• EXERCISE DIRECTIONS
Nothing but the lines below from the one containing "Indian Collage Illustration" through the one containing "How To File for Child Custody in Washington" should appear in the answer, exact and without pictures.

• PROVIDED RECORDS

=== Begin Enclosure ===

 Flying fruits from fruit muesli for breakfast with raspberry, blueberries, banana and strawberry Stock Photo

=== End Enclosure ===
=== Begin Enclosure ===

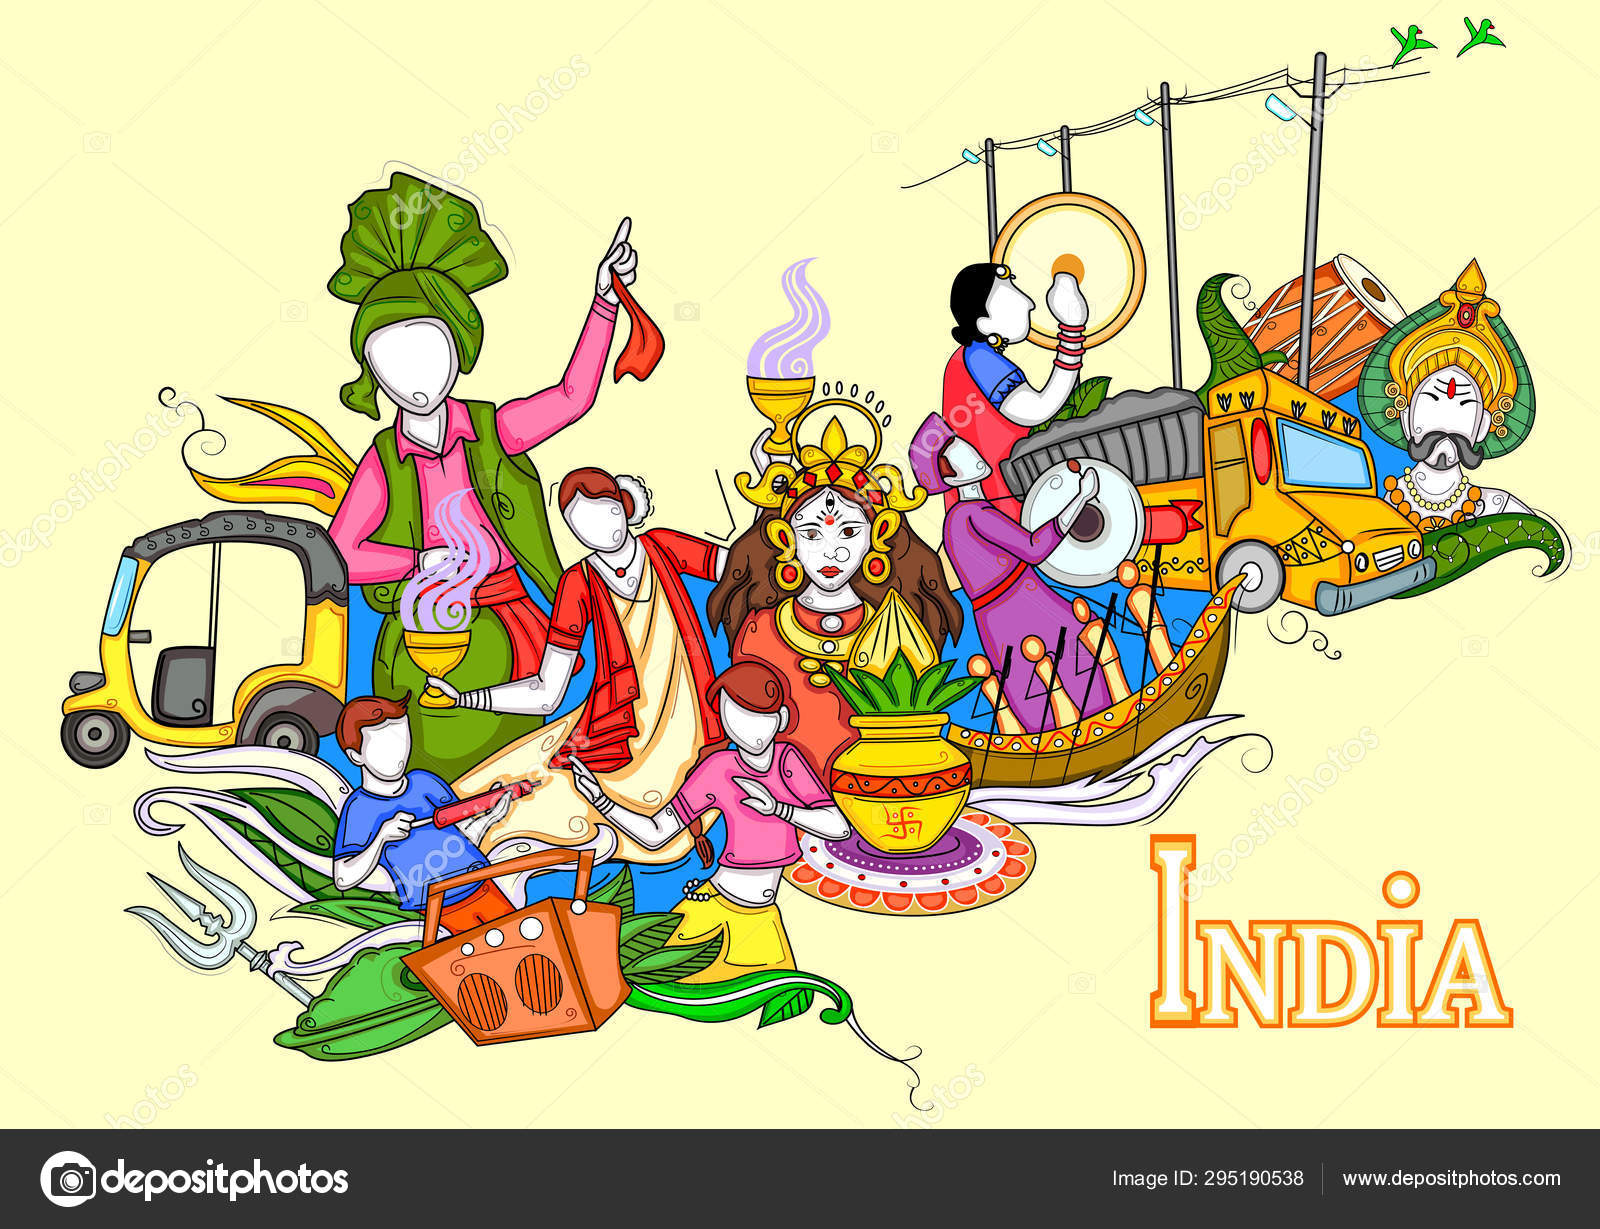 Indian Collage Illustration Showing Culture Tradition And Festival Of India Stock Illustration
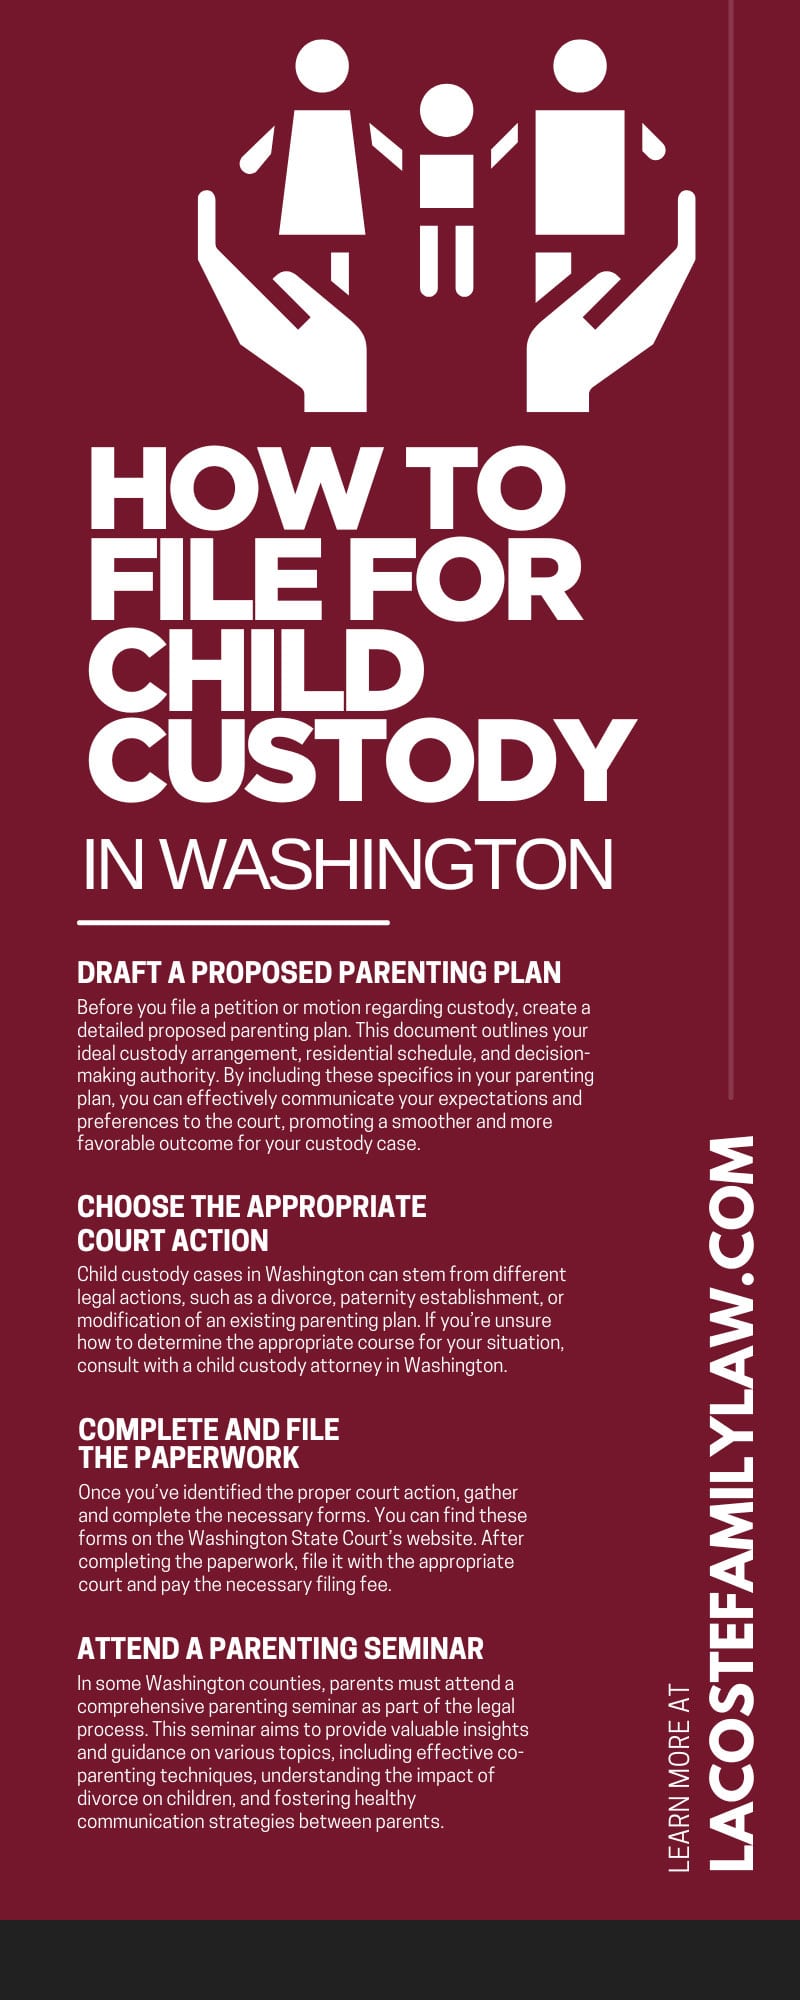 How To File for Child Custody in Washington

=== End Enclosure ===
=== Begin Enclosure ===

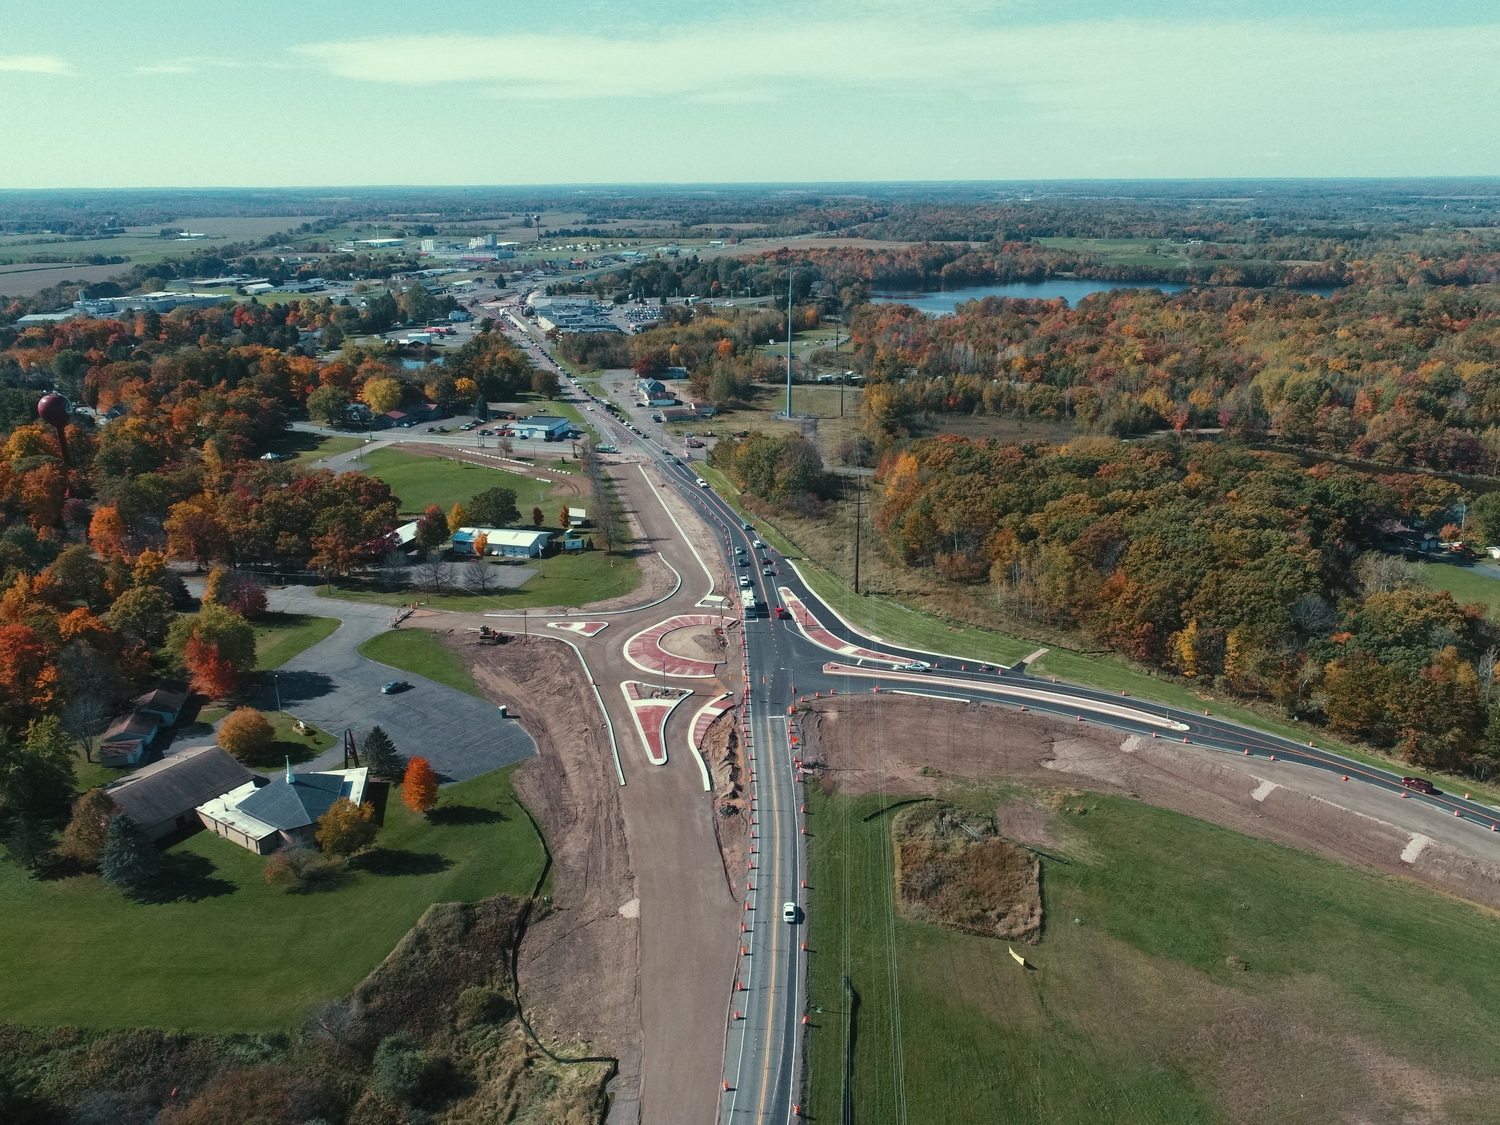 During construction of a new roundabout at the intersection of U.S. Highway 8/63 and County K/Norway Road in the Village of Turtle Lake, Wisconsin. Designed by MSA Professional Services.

=== End Enclosure ===

• RESULT OF THE TASK
 Indian Collage Illustration Showing Culture Tradition And Festival Of India Stock Illustration
 How To File for Child Custody in Washington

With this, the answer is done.